Functional disease-associated variant is prone to under the evolutionary constraint. GERP [46, 47] can produce position-specific estimates of evolutionary constraint. Negative GERP scores indicate that a site is most likely evolutionary neutral. Positive scores suggest that a site may be under evolutionary constraint. Positive scores scale with the level of constraint, such that the greater the score, the greater the level of evolutionary constraint on that site. We found that 82.41% of cancer predisposing germline variants, 86.06% of Mendelian disease variants, 70.22% of recurrent cancer somatic mutations have a positive GERP score, while ~60% of complex disease variants have a negative GERP score (Figure 2F), indicating that variants in the former group are under evolutionary constraint, while the majority of complex disease variants are evolutionary neutrally. Moreover, GWAVA, Mutation Assessor and CADD annotations of the four types of disease variants all suggest that the functionality of cancer predisposing germline variants, Mendelian disease variants, and recurrent cancer somatic mutations is greater than that of complex disease variants. By and large, the GERP score of the disease variants gradually decrease in the order of Mendelian disease variants, cancer predisposing germline variants, recurrent cancer somatic mutations, and complex disease variants. Thus, the aforementioned observations rationally lead to the conclusion that the greater the functionality of the disease variant, the greater the level of evolutionary constraint.
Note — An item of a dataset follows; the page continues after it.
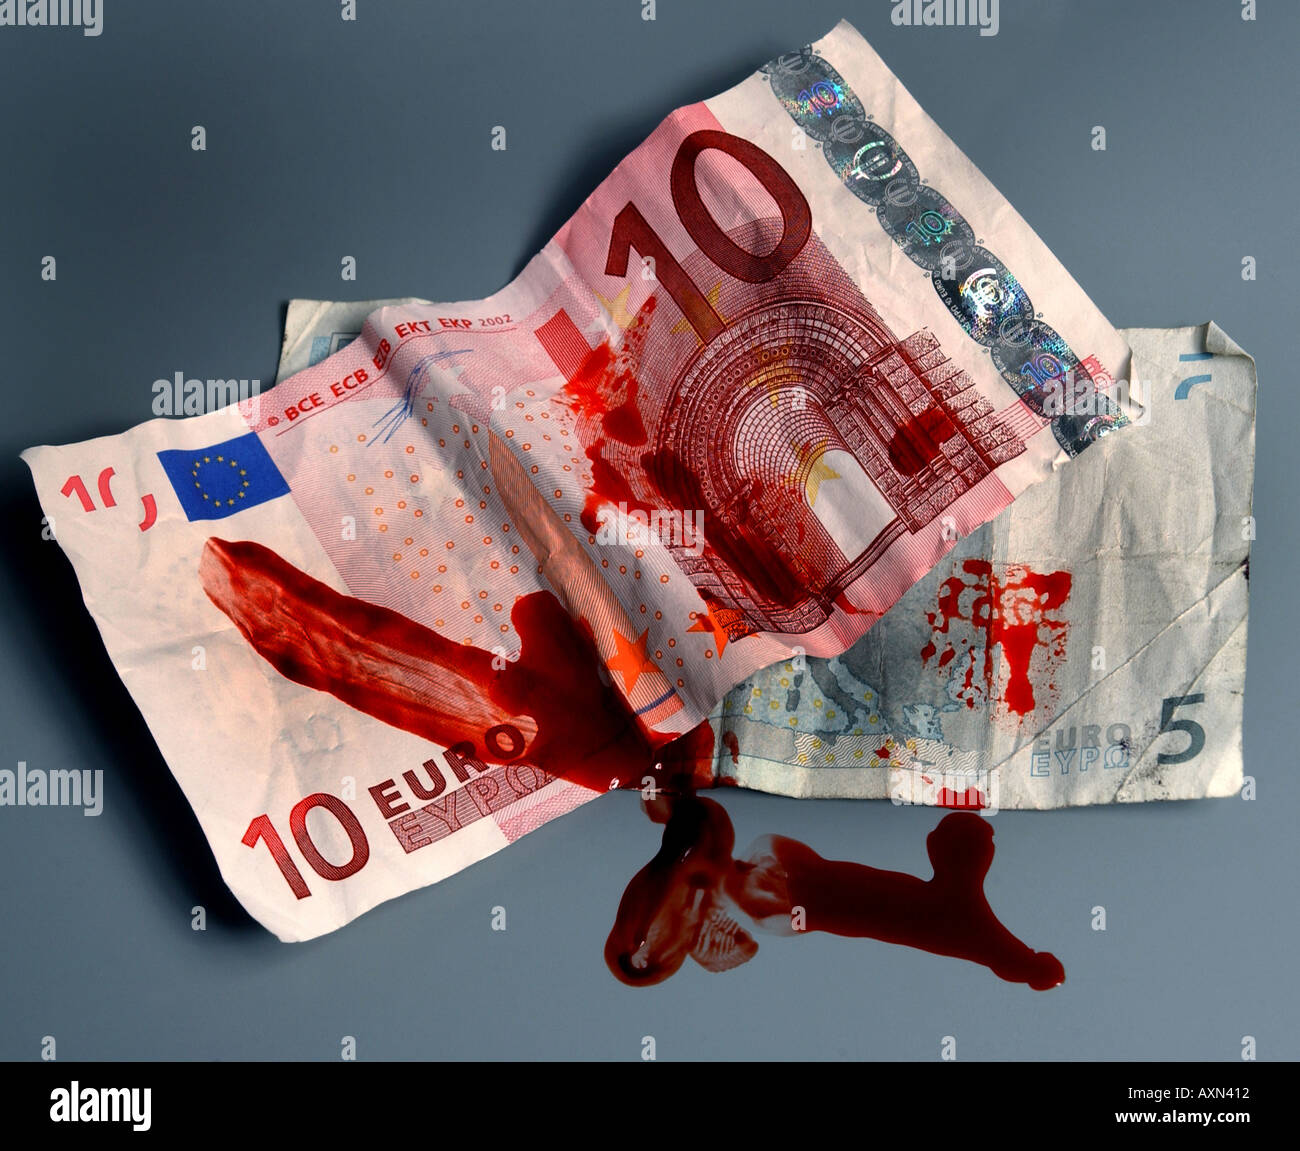 L'Euro de l'argent avec du sang Banque D'Images

Disease-associated variants in different disease categories are located within particular regulatory regions
Overall, the enrichments of different types of disease variants within various regulatory regions are different from each other. Enrichment of Mendelian disease variants, recurrent cancer somatic mutations, and cancer predisposing germline variants within transcription promoter regions are 21 times (log value 3.04), 10.57 times (log value 2.36) and 6.1 times (log value 1.8) higher than that of the genome variant background respectively, in contrast to only 1.9 times (log value 0.64) for complex disease variants. This implies that transcription promoters might be an efficient mechanism for Mendelian disease and cancer (germline or somatic), but not for complex disease pathogenesis. Additionally, the enrichment profile of the four types of disease variants within methylation regions just like that within transcription promoters. Mendelian disease variants, recurrent cancer somatic mutations, and complex disease variants show higher enrichment within transcription insulator regions than cancer predisposing germline variants. Most disease variants are enriched within methylation and histone modification regions, suggesting a strong correlation between epigenetic marks and diseases, a pattern that some recent studies support [48–50]. In fact, cancer predisposing germline variants are over ten times more enriched within histone modification regions and chromatin physical interaction regions. There are no prominently enriched regulatory regions for complex disease variants, which present quite even enrichment distribution throughout all types of regulatory regions. Interestingly, complex disease variants show a positive enrichment within transcription enhancer, while other types of diseases variants have low negative enrichment, suggesting transcription enhancers might play an important role during complex disease development compared to other types of diseases. All four types of disease variants are enriched within DNA binding sites of protein by ChIP-seq, DNase I hypersensitive sites by DNase-seq, and open chromatin regions by FAIRE-seq. Disease-associated variants in different disease categories show dissimilar enrichment patterns within diverse regulatory elements, implying distinct priority of regulatory pathogenic mechanisms for different type of disease variants.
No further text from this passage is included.